### Data extract:
——

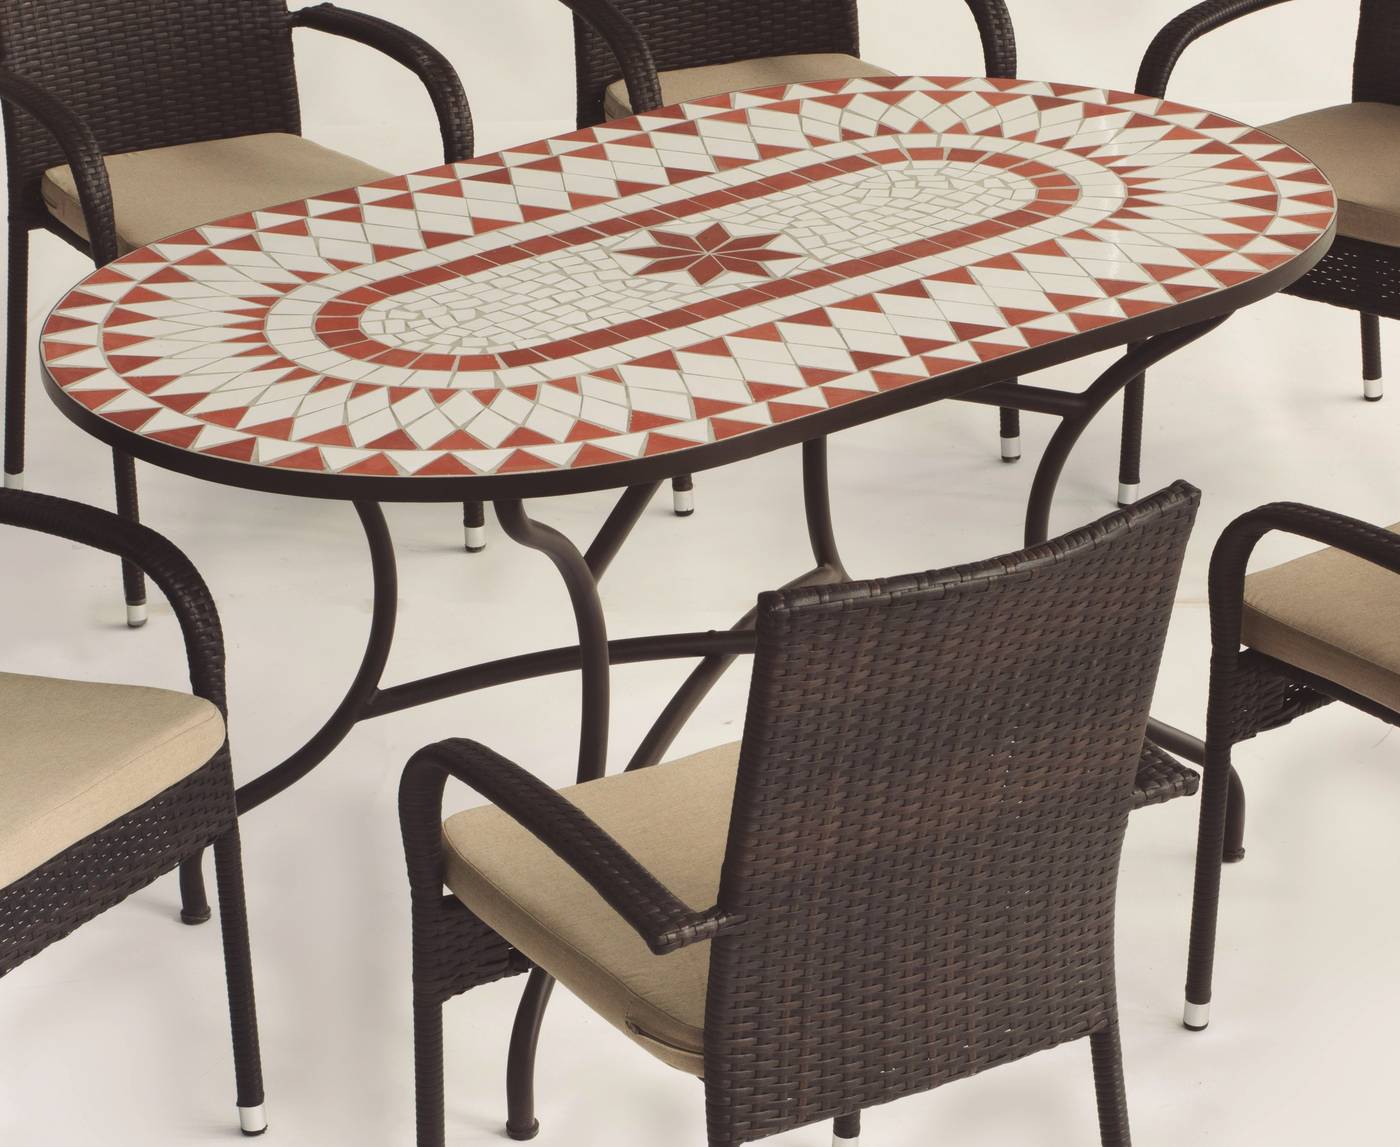 Conjunto Mosaico Neypal150-Bergamo - Conjunto de forja color bronce: mesa con tablero mosaico de 150 cm + 6 sillones con cojines asiento.
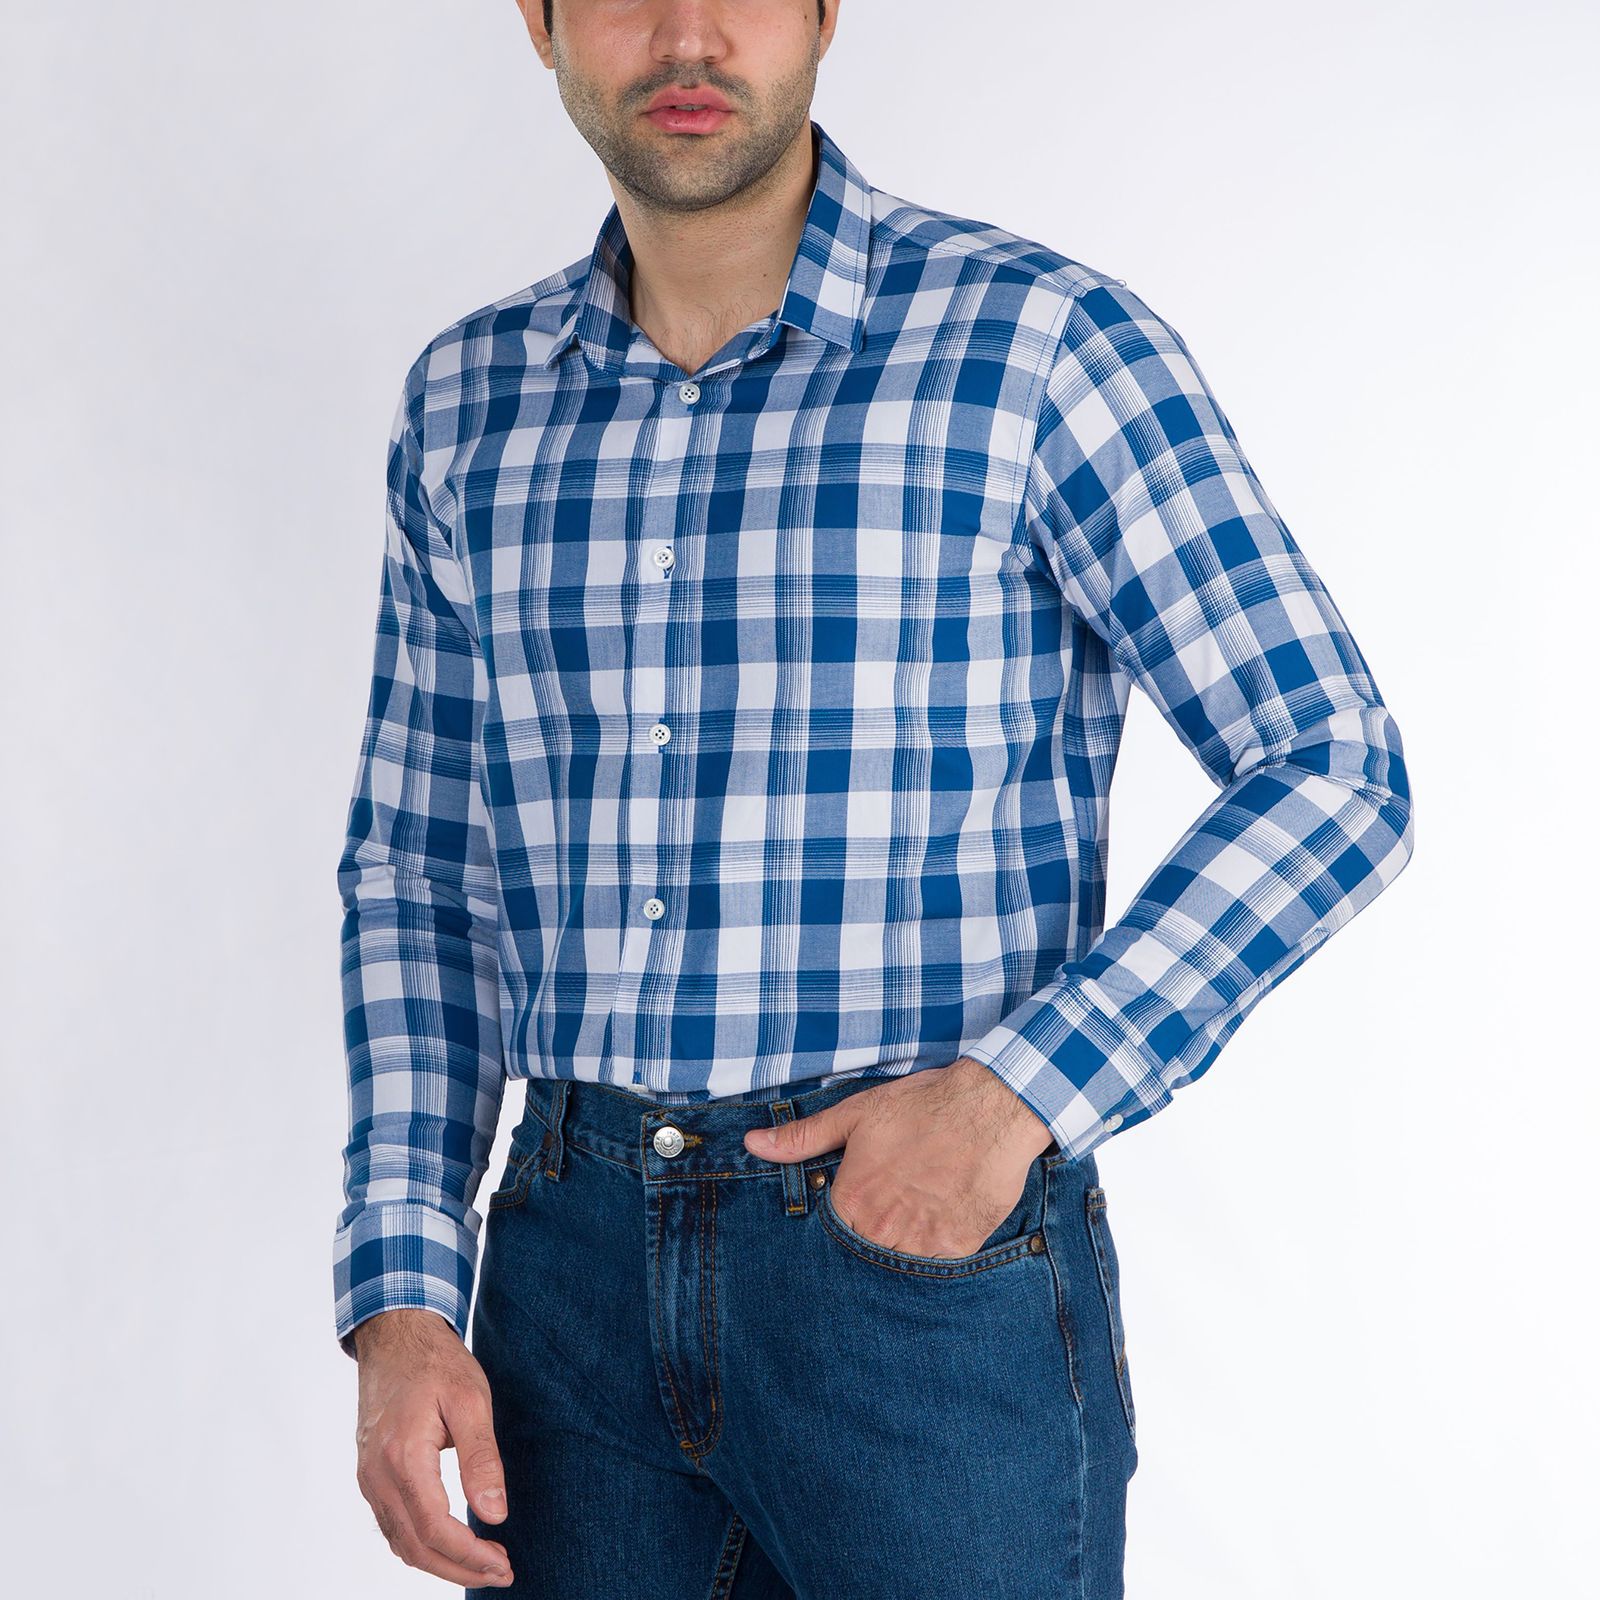 پیراهن آستین بلند مردانه باینت مدل 2261701-58 -  - 1
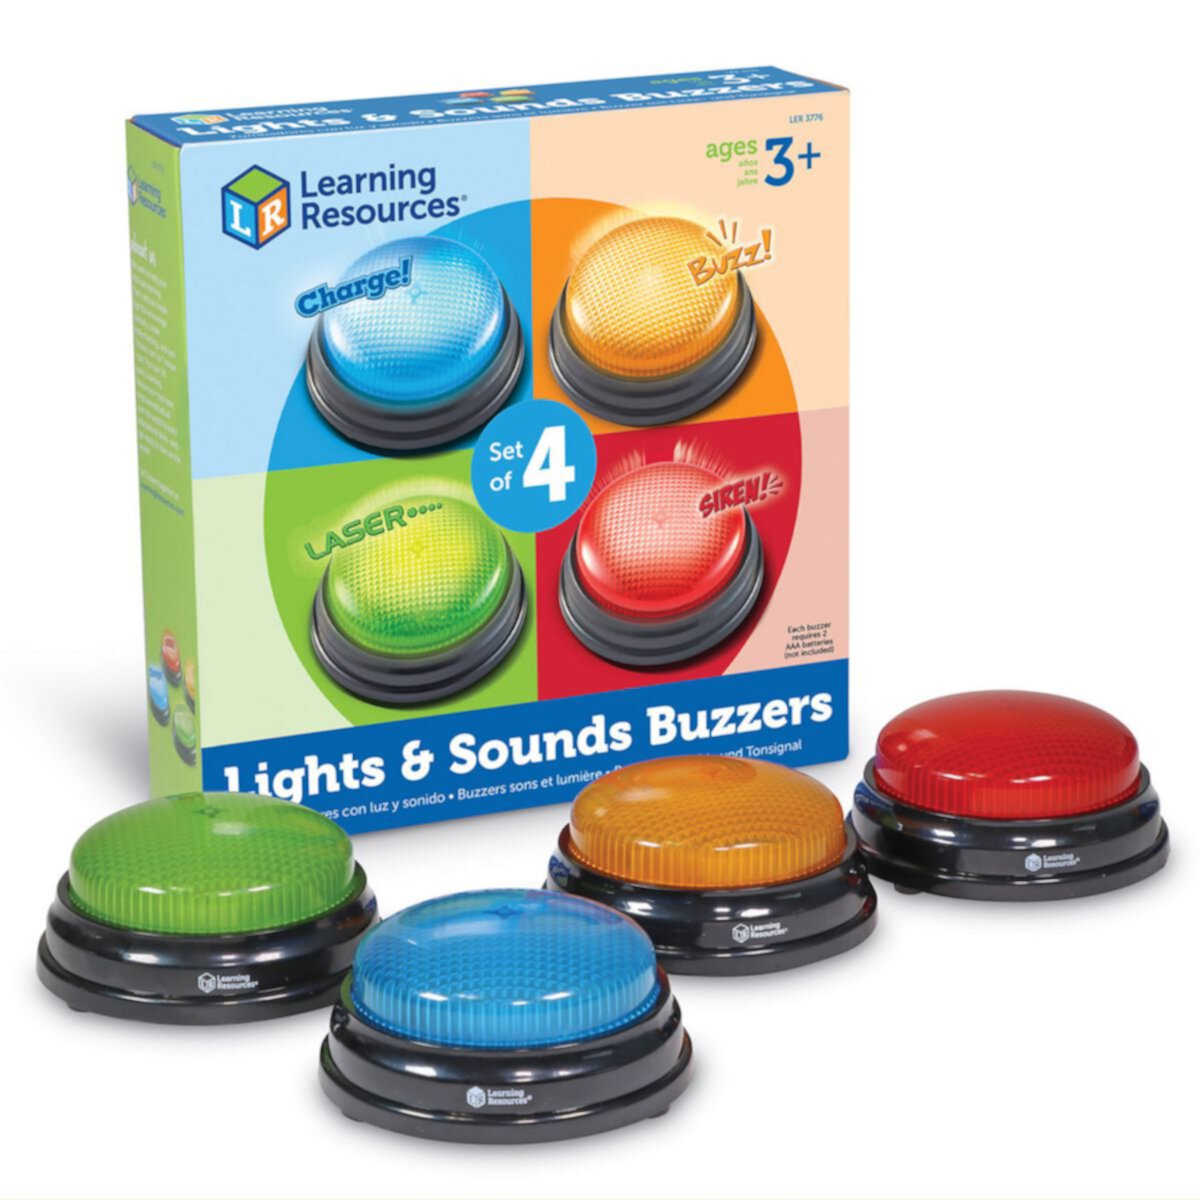 Учебные ресурсы Световые и звуковые сигналы ответа, набор из 4 шт. Learning Resources

——

### Aim of the exercise:
Pictures are to be omitted. Print exactly the lines from the line containing "پیراهن آستین بلند" through the final line of the material above, both included.

### Output for this exercise:
 پیراهن آستین بلند مردانه باینت مدل 2261701-58 -  - 1
 Учебные ресурсы Световые и звуковые сигналы ответа, набор из 4 шт. Learning Resources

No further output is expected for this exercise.